As seen Chicago Tribune

A 54-story riverfront tower, whose sloping lower walls have led it to be nicknamed “The Tuning Fork,” was among the top winners Friday night as Chicago architects gathered to celebrate their best work and mark the 150th anniversary of the American Institute of Architects’ Chicago chapter.

The tower, 150 N. Riverside, designed by Goettsch Partners, was one of four projects given the highest form of recognition, an honor award, in the distinguished building category. Wedging the high-rise’s foundations between the Chicago River and commuter railroad tracks, the architects transformed a hard-to-develop waterfront site into a modern office tower framed by extensive open space.

Another honor award went to the University of Chicago’s Keller Center, a creative, energy-saving remake of an eccentric mid-20th century building originally designed by Edward Durell Stone. The renovation was led by Farr Associates, which worked with Woodhouse Tinucci Architects.

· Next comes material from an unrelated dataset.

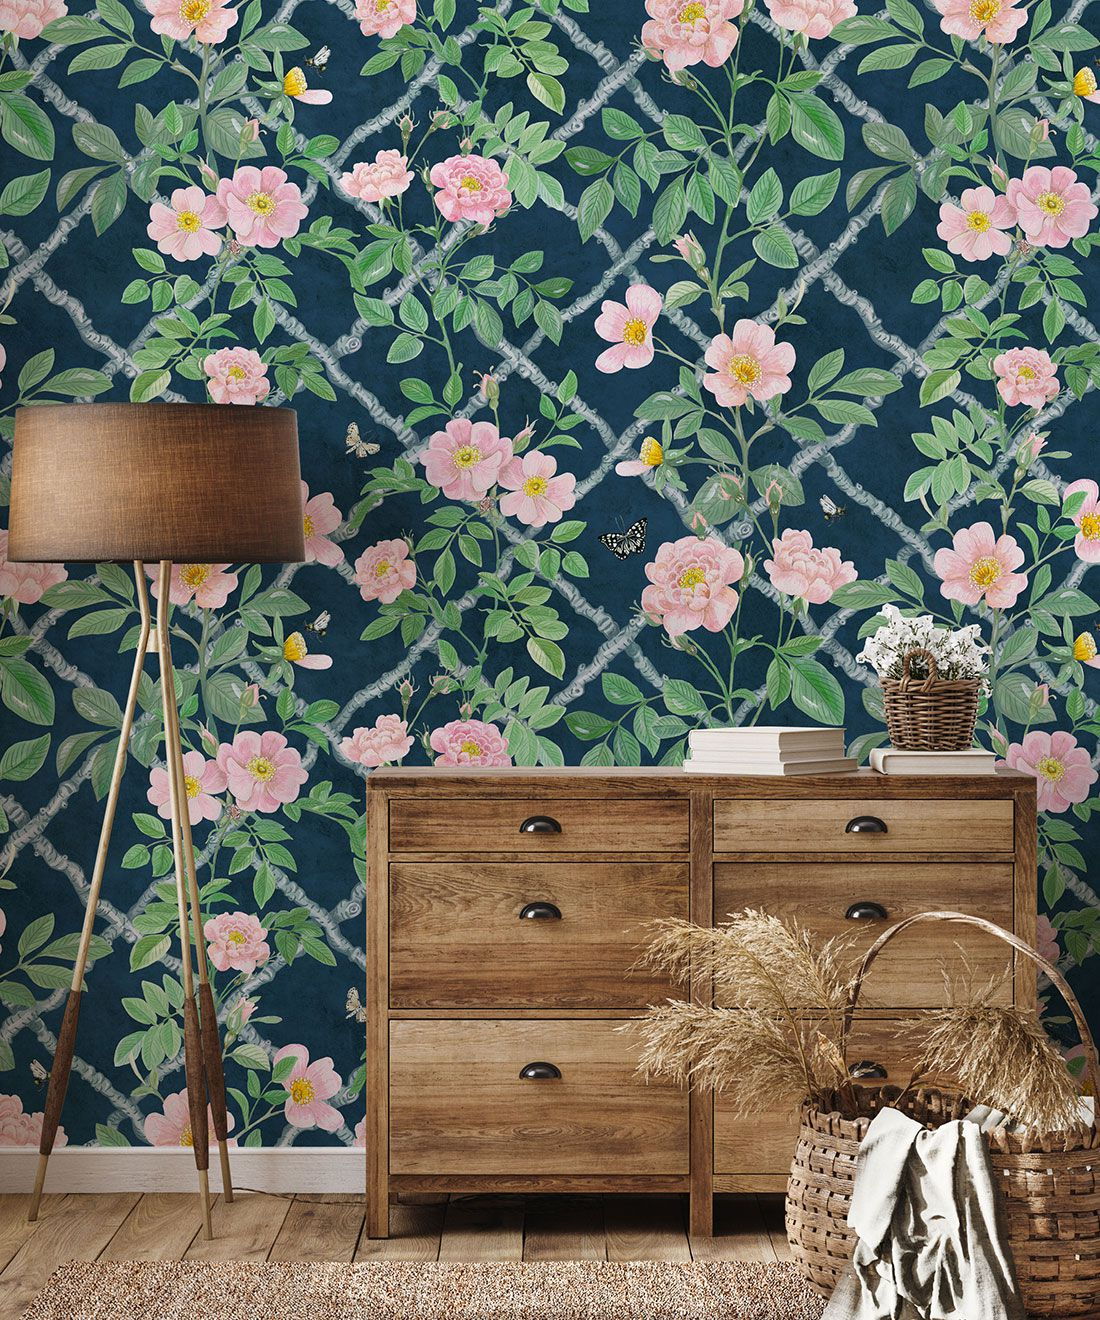 Treilage Wallpaper • Floral Wallpaper • Rose Pink • Insitu

Two projects by John Ronan Architects won honor awards: the Illinois Institute of Technology’s Ed Kaplan Family Institute for Innovation and Tech Entrepreneurship, whose exterior features pillowlike cushions that emit natural light; and a courtyard house in Saint Joseph, Mich.

Awards were also made in the categories of urban design, interior architecture and divine detail, which recognizes a specific aspect of a project.

The winning designs reflect the continued dominance of modernism in Chicago, but they also reveal how architects are using new forms, technologies and manipulations of interior space to reach beyond the banal steel-and-glass boxes that prevailed in the 1960s.

A total of 32 honors were presented during the ceremonies at Navy Pier. Juries of nationally recognized architects picked the winners from hundreds of entries, the architects’ chapter said in a news release.

In the distinguished building category, eight projects received a citation of merit, the second highest level of recognition.

Among them was the McDonald’s Chicago flagship, by Ross Barney Architects, which replaced the nostalgic Rock ‘n’ Roll McDonald’s in River North with a clean-lined, structurally expressive design.

A special recognition award in the distinguished building category went to the Chicago Transit Authority’s 95th Street terminal, by EXP.

Other notable projects to be recognized were the South Lakefront Framework Plan, by SmithGroup, which won an honor award in urban design; the restoration of Union Station’s Great Hall, by Goettsch Partners, which received special recognition in interior architecture; and the downtown Chicago Riverwalk’s combined stair and ramp, known as the “stramp,” by Ross Barney Architects, which won an honor award in the divine detail category.